FRANKFORT, Ky. -- Meritor this week celebrated production of its 10 millionth trailer axle. The event was marked by a ceremony at the company’s Frankfort, Ky. plant, where all its trailer axles for the North American market are now produced.
The Frankfort plant has been home to Meritor’s trailer axle production since 2001. The 195,000 sq.-ft. plant sits on a 30-acre site that was originally opened in 1994. Currently, 181 employees work there and the plant is running a shift and a half, producing trailer axles and brakes. The plant has received $2.2 million in upgrades over the past three years, increasing capacity and improving productivity.
“North America is the centre of our trailer business and what we do out of this facility serves as the centre for what we do globally,” Craig Frohock, general manager of Meritor’s trailer and aftermarket businesses said during a special ceremony at the plant. “This facility services the US and Canada market and this is where the core of our business is.”
Meritor also has an international presence, producing trailer undercarriage products in South America and the Asia-Pacific regions as well.
The ten millionth trailer axle was to be shipped to Wabash for installation in one of its trailers before being delivered to customer Werner Enterprises. Representatives from Werner were unable to attend the ceremony due to bad weather, but a wide variety of guests were on-hand, including media, political representatives, suppliers, customers and of course, the Frankfort plant employees who halted production to commemorate the milestone.

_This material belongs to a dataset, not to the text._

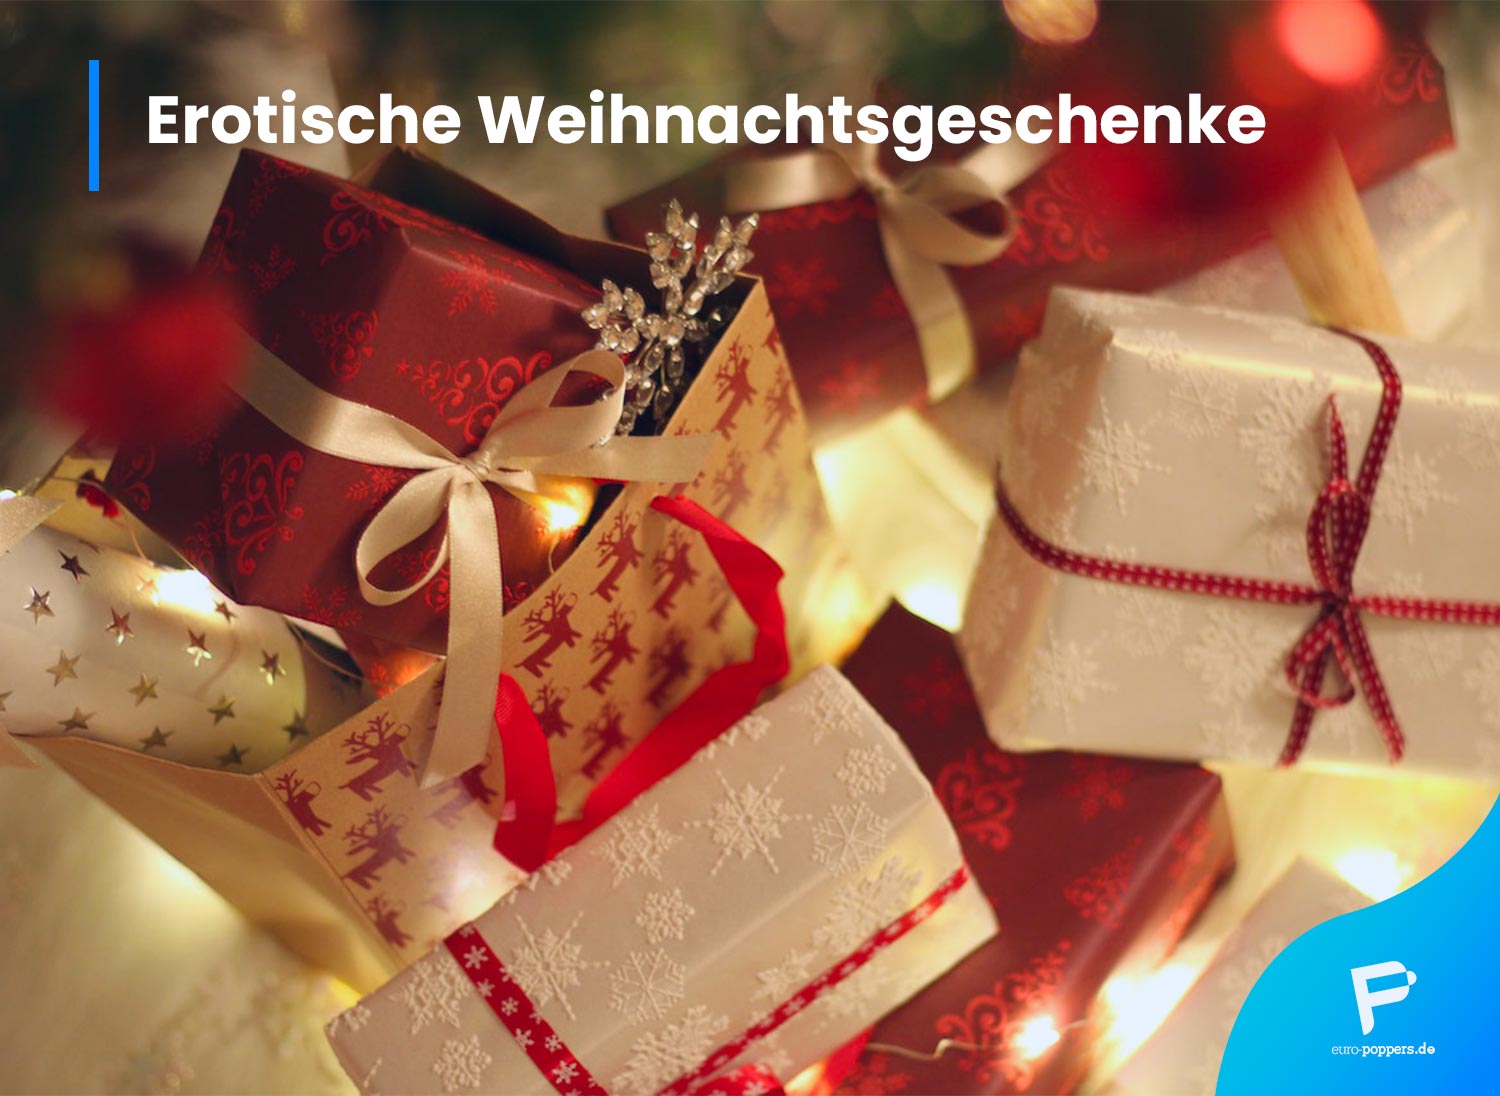 Read more about the article Erotische Weihnachtsgeschenke: unsere Favoriten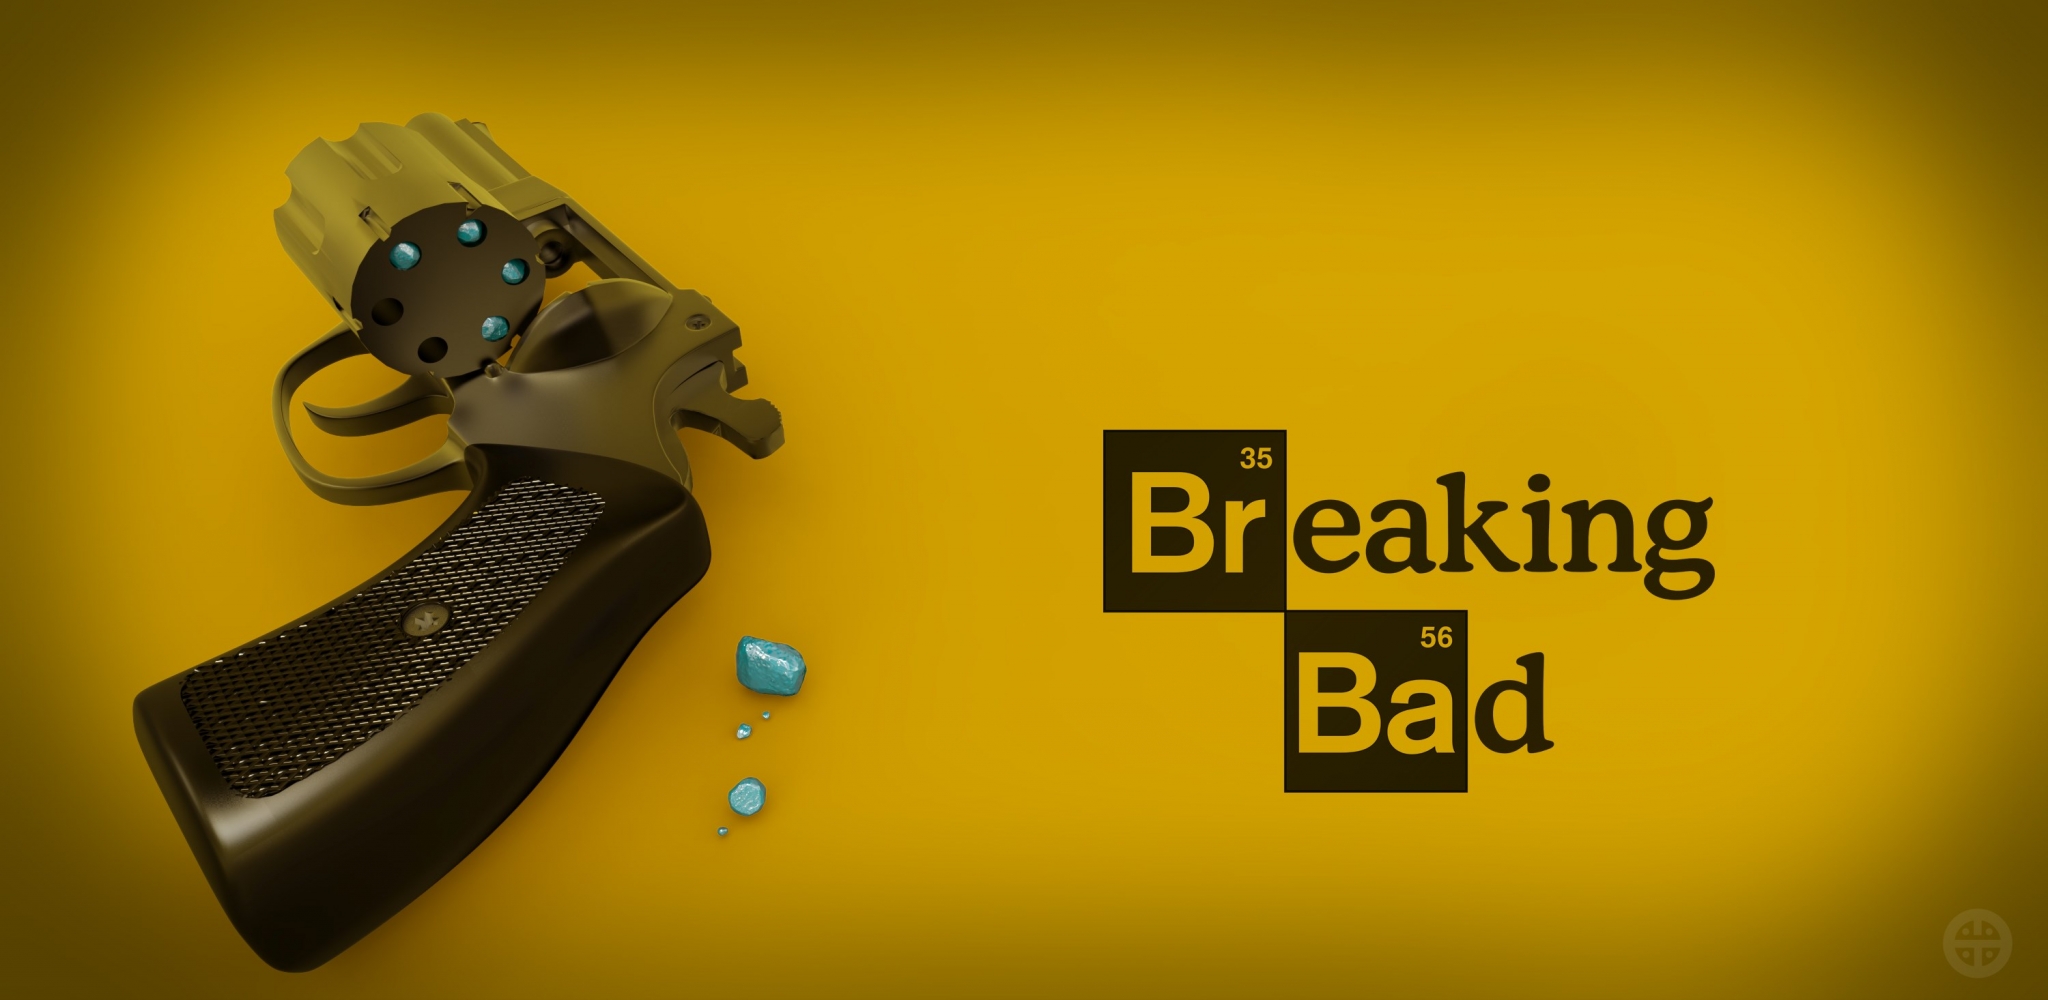 Breaking Bad Season 1 , HD Wallpaper & Backgrounds

Meritor officials seemed upbeat about the pace of the recovery and their prospects for sales.
“The market is recovering at a nice, steady pace,” said Pedro Ferro, president of Meritor’s aftermarket and trailer operations. “We don’t see a recovery like we saw back in 2006 when the market really exploded and we saw dealers left with a lot of inventory and we were left with a lot of inventory and there was this big cliff. This time, I’m encouraged by the pace of the recovery. I think some segments of the trailer market are weaker than others; flatbeds have softened, construction hasn’t gotten back to where we think it should be. But I’m encouraged by the pace (of the recovery) this time and I don’t think we’ll have a boom and bust. I think the recovery will continue in 2013 and 2014. I’m very optimistic about it. As far as the whole trucking industry is concerned, I don’t think there’s going to be explosive growth this year, but it should grow at, I would say 3-4% between this year and next.”